| AVS 57th International Symposium & Exhibition | |
| Surface Science | Tuesday Sessions |
| Session SS-TuP |
| Session: | Surface Science Poster Session |
| Presenter: | C.J. Nelin, Maury's Trail |
| Authors: | C.J. Nelin, Maury's Trail P.S. Bagus, University of North Texas H.-J. Freund, Fritz-Haber-Institut der Max-Planck-Gesellschaft, Germany |
| Correspondent: | Click to Email |
The satellites in X-Ray photoemission spectroscopy, XPS, can provide information about the electronic structure, especially for ionic materials. [1,2] We present a new analysis of the XPS satellites that, when applied to CeO2 which is an important substrate for model studies of catalysis, enables a new understanding of this material. While the origin of intra-atomic effects in terms of atomic near-degeneracies is well understood, [1] there are two different ways of describing the inter-atomic effects that lead to satellites. The first is to ascribe the satellites to charge transfer, CT, from ligands, or other neighboring atoms, into unoccupied or partly occupied shells of the ionized atom. This interpretation is commonly applied to oxides and other ionic crystals. [2] In the CT model, the satellites gain intensity through the mixing of XPS allowed configurations with XPS forbidden configurations. However, changes in the orbitals between the initial and final states are normally neglected in the CT model.
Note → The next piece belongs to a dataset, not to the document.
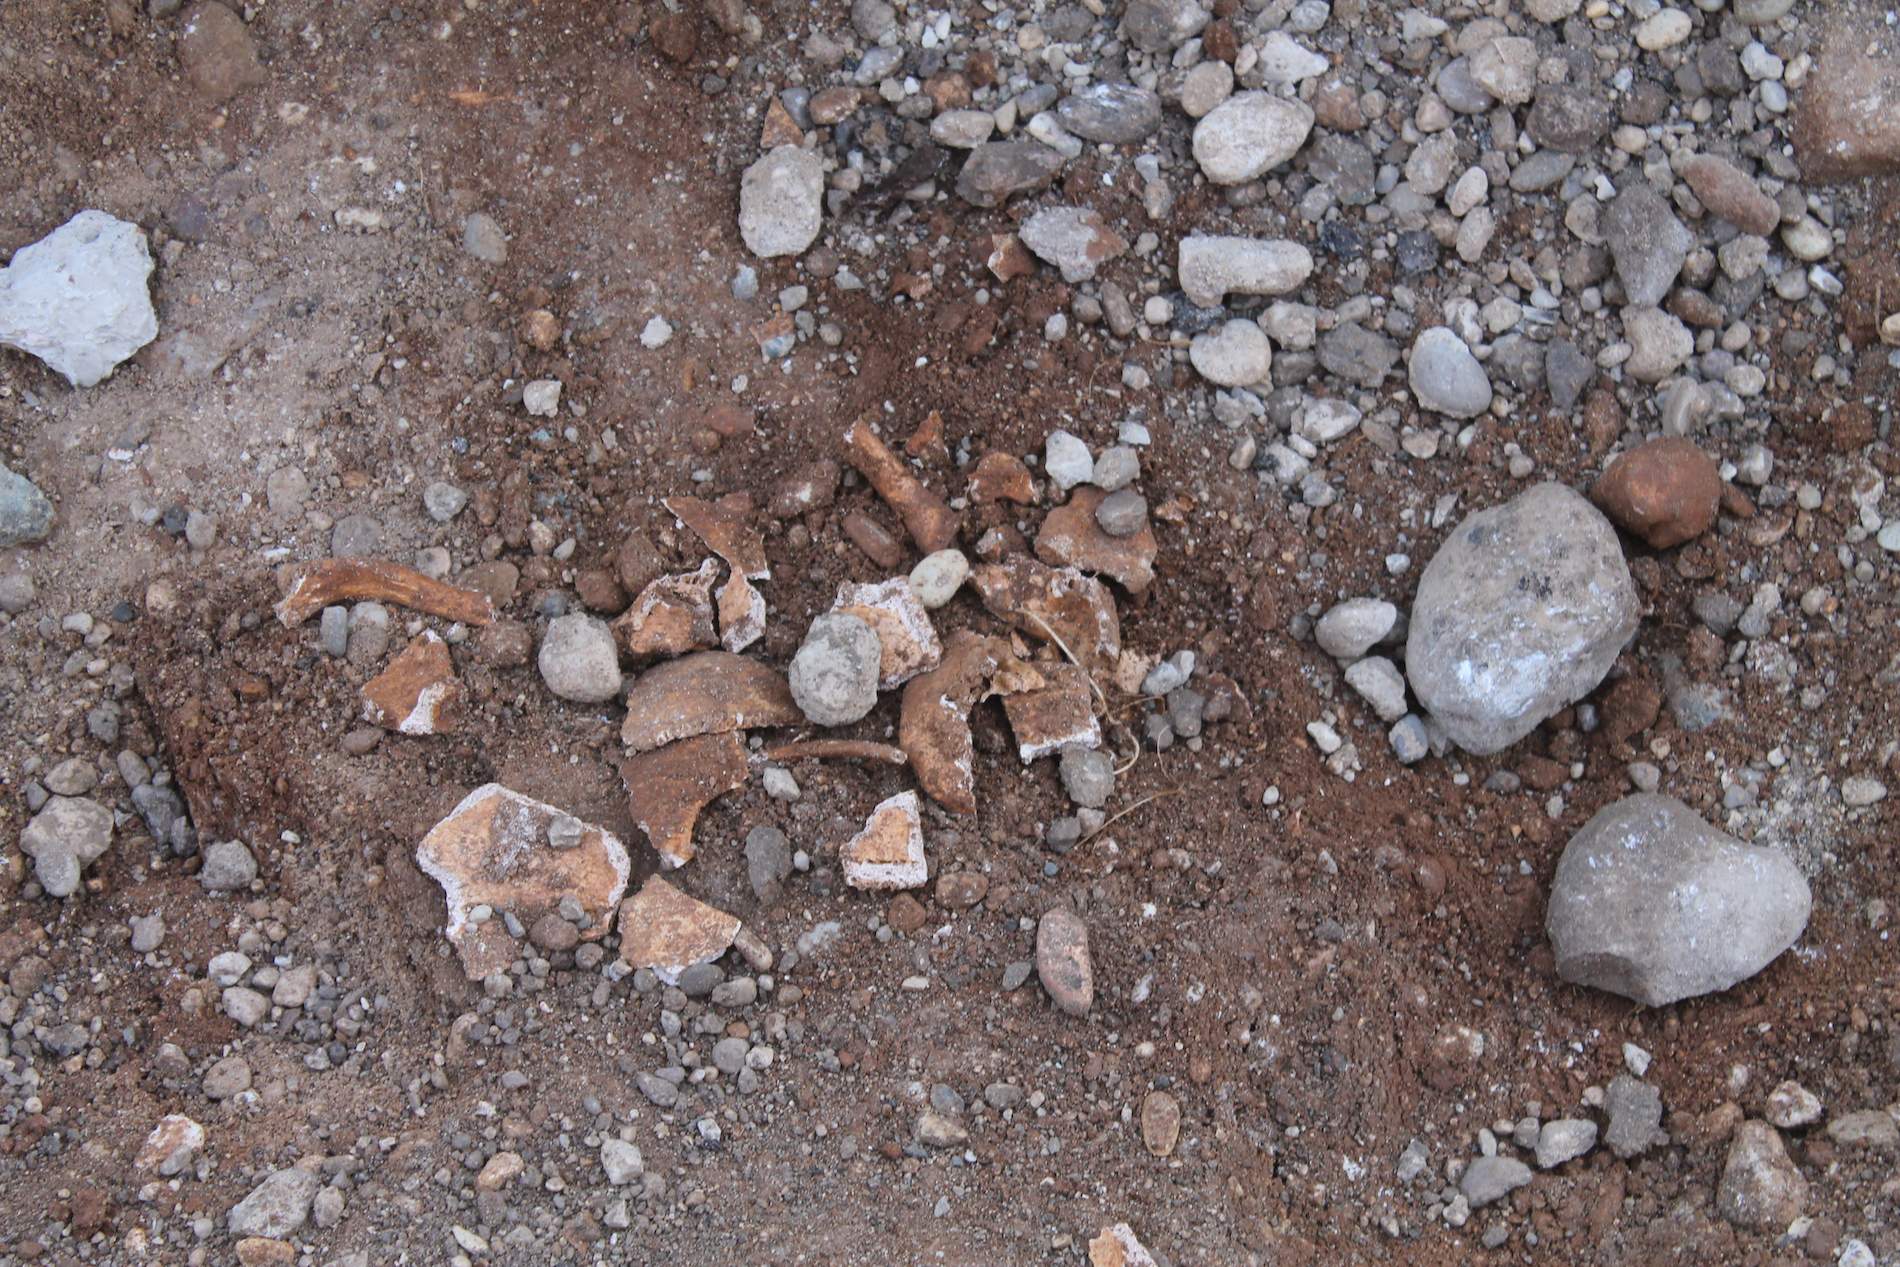 Ekshumacija -  Lakišića harem - Islamska zajednica od gradonačelnika Mostara ponovo zatražila temeljitu ekshumaciju posmrtnih ostataka s lokaliteta Lakišića harema

On the other hand, the second way of understanding satellites as shake satellites, [3,4]ascribes the driving force for the loss of intensity from the main peak into the satellites to the orbital relaxation, which screens the core-hole. This orbital relaxation allows valence excited, or shake, states to obtain intensity. [3] However, both mechanisms must be taken into account to correctly describe the inter-atomic contributions to XPS satellites and, in the present work, we reconcile these two different points of view. We show that the covalent mixing of metal and ligand orbitals in the wavefunctions, for both initial and final states, is a powerful way to understand the intensities of satellites due to inter-atomic effects. For the XPS of NiO, where both intra and inter-atomic effects must be taken into account, our analysis of the CI wavefunctions shows the underlying covalent character of the main and satellite peaks. We also stress the importance of covalent mixing in the initial state in order for there to be substantial satellite intensity. We show that different degrees of covalent character in the initial states of CeO2 and LaAlO3 lead to very different satellite energies and intensities for the isoelectronic metal cations. Our analysis provides direct and unambiguous evidence that the inter-atomic satellite features are closely related to the covalent binding in the material.
(1) PS Bagus, ES Ilton: Phys. Rev. B 73, 155110 (2006).
(2) FMF de Groot: J. Electron Spectrosc. Relat. Phenom. 67, 529 (1994).
(3) T Aberg: Phys. Rev. 156, 35 (1967).
(4) L Sangaletti, F Parmigiani, PS Bagus: Phys. Rev. B 66, 115106 (2002).